Notable were Kngwarreye’s painting contemporaries who included Gloria Petyarre, Polly Ngale. Jeannie Mills Pwerle and Barbara Weir. As with Kngwarreye, vibrant colouration and highly individualistic imagery characterised their work.

Ever since, colour and highly individualistic design have been notable features in the work of Utopia’s women artists.

Belinda Golder Kngwarreye, Janet Golder Kngwarreye, Rochelle Bird Mbitjana

Belinda and Janet Golder Kngwarreye are the granddaughters of founding Utopia painters Polly Ngale.

Belinda’s works often feature the bush plum and the bush yam, The women of Utopia conduct ceremonies in tribute to the bush plum and bush yam to ensure their continued growth. Both she and her older sister Janet Golder Kngwarreye create works that represent a number of women’s stories of her Utopia country. Utopia is not one central community, but rather a collection of small homeland settlements established next to underground water bores across a vast area. It is this which has led to artists from different parts of Utopia developing their distinctively different styles. Janet and Belinda each pay tribute to these in their encyclopaedic paintings called My Country or Alhalkere- My Country. Janet’s daughter, Rochelle Bird Mbitjana is now following in her mother’s footsteps.

Esther Haywood Petyarre

The late artist Gloria Petyarre began a stylistic movement that continues until this day. In 1999, Petyarre became amongst the first Aboriginal artists to win a major award at an East Coast public Gallery when she won the Wynne Prize for Landscape Painting at the AGNSW with her multi-panel work, Leaves.

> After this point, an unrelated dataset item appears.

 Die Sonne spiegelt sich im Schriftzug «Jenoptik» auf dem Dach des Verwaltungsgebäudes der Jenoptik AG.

Petyarre’s granddaughter Esther Haywood continues her grandmother’s tradition – handling the skill of painterly movement as dextrously as Petyarre did, and continuing her significant work also as a colourist.

Emily Pwerle, Charmaine Pwerle, Lizzie Moss Pwerle

Emily Pwerle (now aged in her late 90s) is a sister to the late Minnie Pwerle, who became an art star in her 80s from 2006. Emily Pwerle continues to paint women’s stories of ceremony. Charmaine Pwerle – Minnie’s grand-daughter and Barbara Weir’s daughter – inherited her grandmother Minnie’s Awelye (women’s ceremonial stories) and brings her own energy and dynamism to paintings of Awelye. Lizzie Moss Pwerle is a first cousin of Minnie Pwerle and was part of Utopia’s early batik making projects. Her distinctive monochrome paintings depict the lines women paint on their bodies for ceremony.

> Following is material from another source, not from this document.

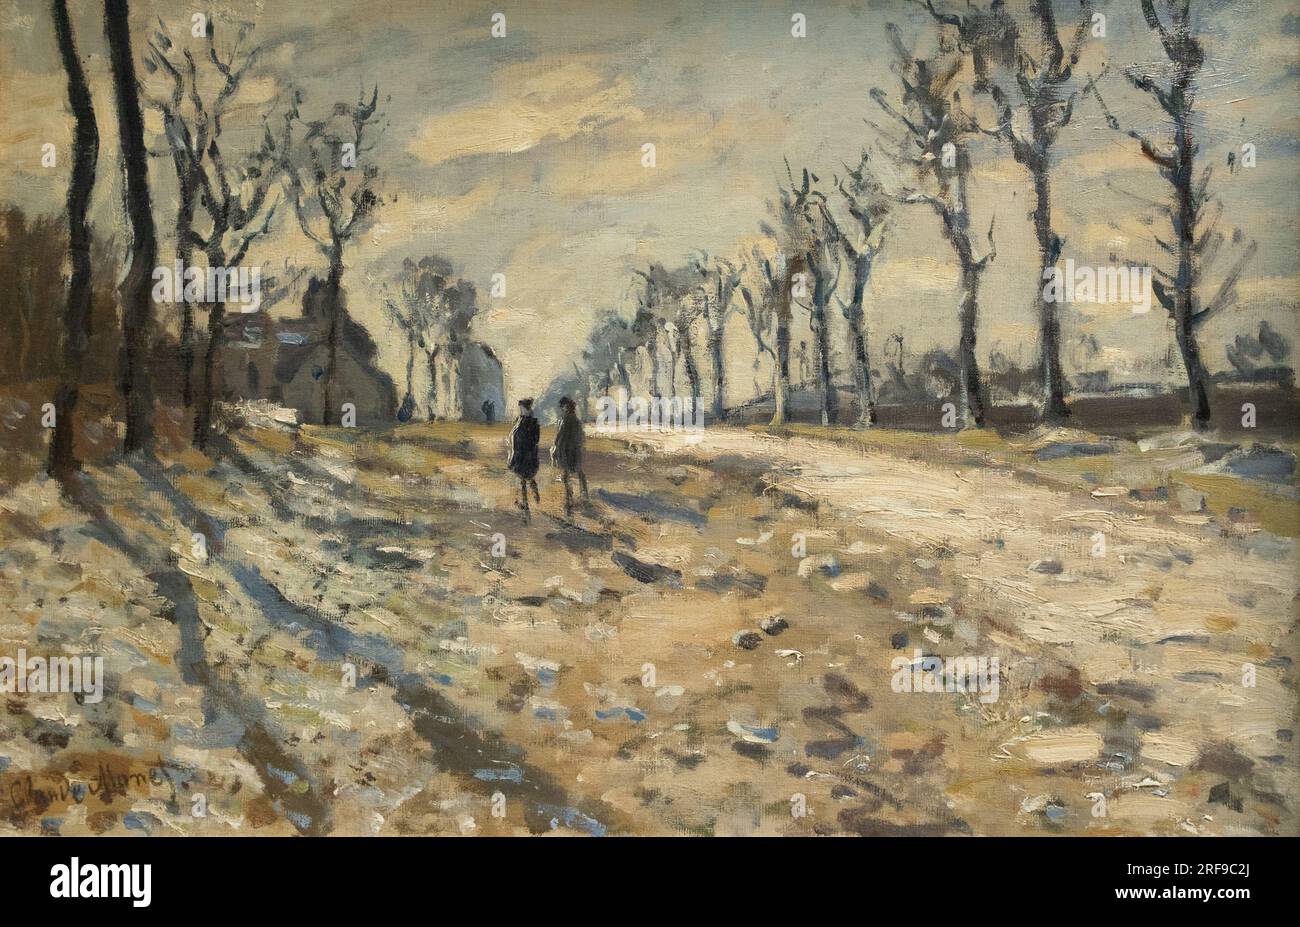 Claude Monet peinture ; 'route, effet de neige, Soleil couchant' - route, neige et coucher de soleil, 1864 ; Paysage de Monet ; impressionniste français du 19e siècle Banque D'Images

Jeannie Mills Pwerle, Bernadine Kemarre, Caroline Petrick Ngwarreye, Lizzie Moss Pwerle, Selina Teece Pwerle

Senior artist Jeannie Mills Pwerle has become well known for her lush Yam dreaming paintings in which she loads the same brush with a mix of cleverly combined colours. Younger artists Bernadine Kemarre and Caroline Petrick Kngwarreye continue the tradition of bush medicine and seed dreaming paintings in new and distinctive styles while Selina Teece Pwerle creates luminous landscapes that depict the scale as well as detail of her beautiful lands.